Foundations of an algorithm
To develop a diagnostic algorithm for any lesion or tumor, it’s important to establish your first steps. Just as the evaluation of any slide should begin with a few simple questions, your approach to any case begins with the gross examination and the clinical details you receive from the operating surgeon. Different key points in the history and clinical exam may be important for different organ systems, so relevant positive and negative findings are commonly placed at the first level of any algorithm I make.

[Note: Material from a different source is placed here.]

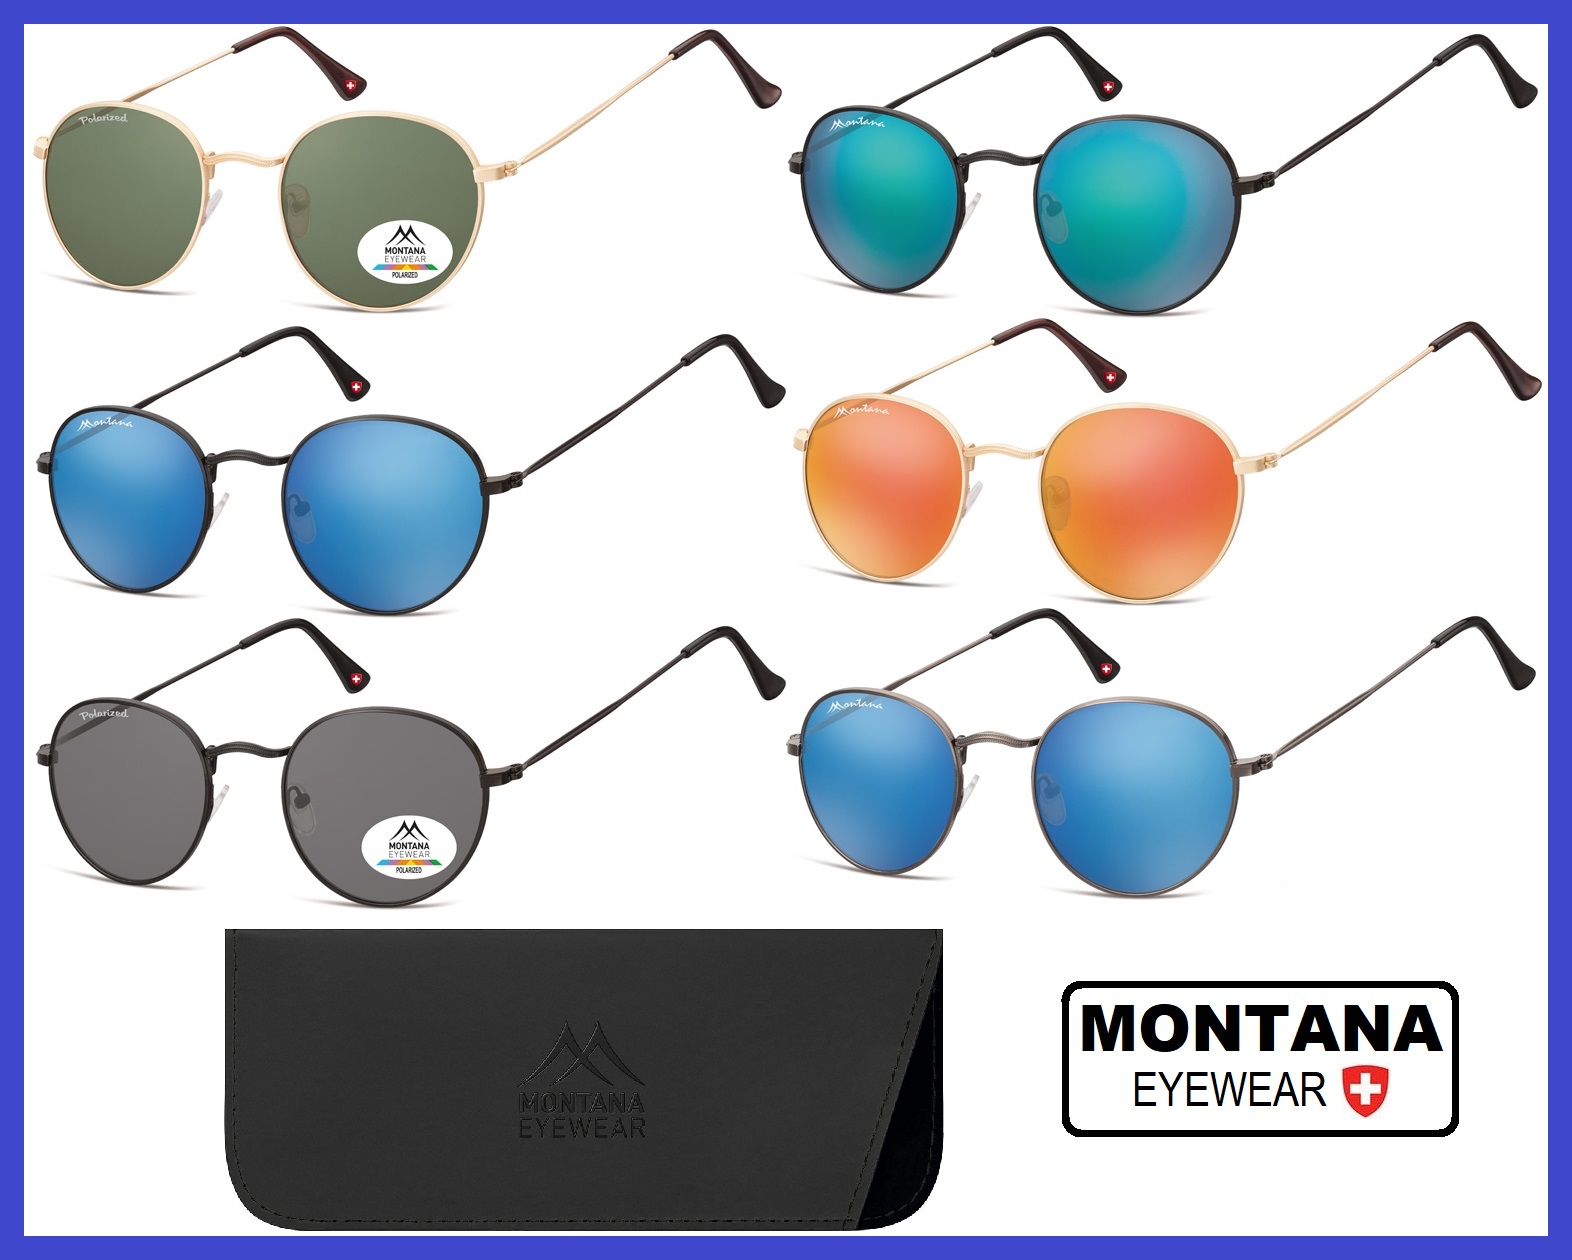 nuovi occhiali da sole uomo donna ragazzo colorati firmati montana rotondi a specchio polarizzati lenti blu azzurre verdi arancioni tondi in metallo occhiale sole unisex

For example, in the evaluation of a central nervous system tumor, the patient’s age and the site of the lesion should be the first things you ask about; they can give you specific hints as to what you might expect to find in the microscopic evaluation. A lateral ventricular tumor should make you think not only of the common ventricular tumors, but also of subependymomas, subependymal giant cell astrocytomas (SEGAs), and central neurocytomas. If you also know that the patient has a history of tuberous sclerosis, you should start your microscopic evaluation with a strong probability of SEGA in mind. Meningeal and posterior fossa-based tumors are also cases in which the site may lead you to a diagnosis even before you see the slide under the microscope.
When dealing with a bone lesion or tumor, the age of the patient, the site of the lesion, and the radiological information should be the first step in your algorithmic approach. If you’re working on an algorithm for hematolymphoid malignancies, you should consider physical examination findings like hepatosplenomegaly, lymphadenopathy, back pain (in a suspected plasma cell dyscrasia), and peripheral blood smear evaluation. By now, you may have noticed a pattern: clinical details and supportive radiological information are the two key factors that should inform the initial steps of an algorithm for any pathological lesion.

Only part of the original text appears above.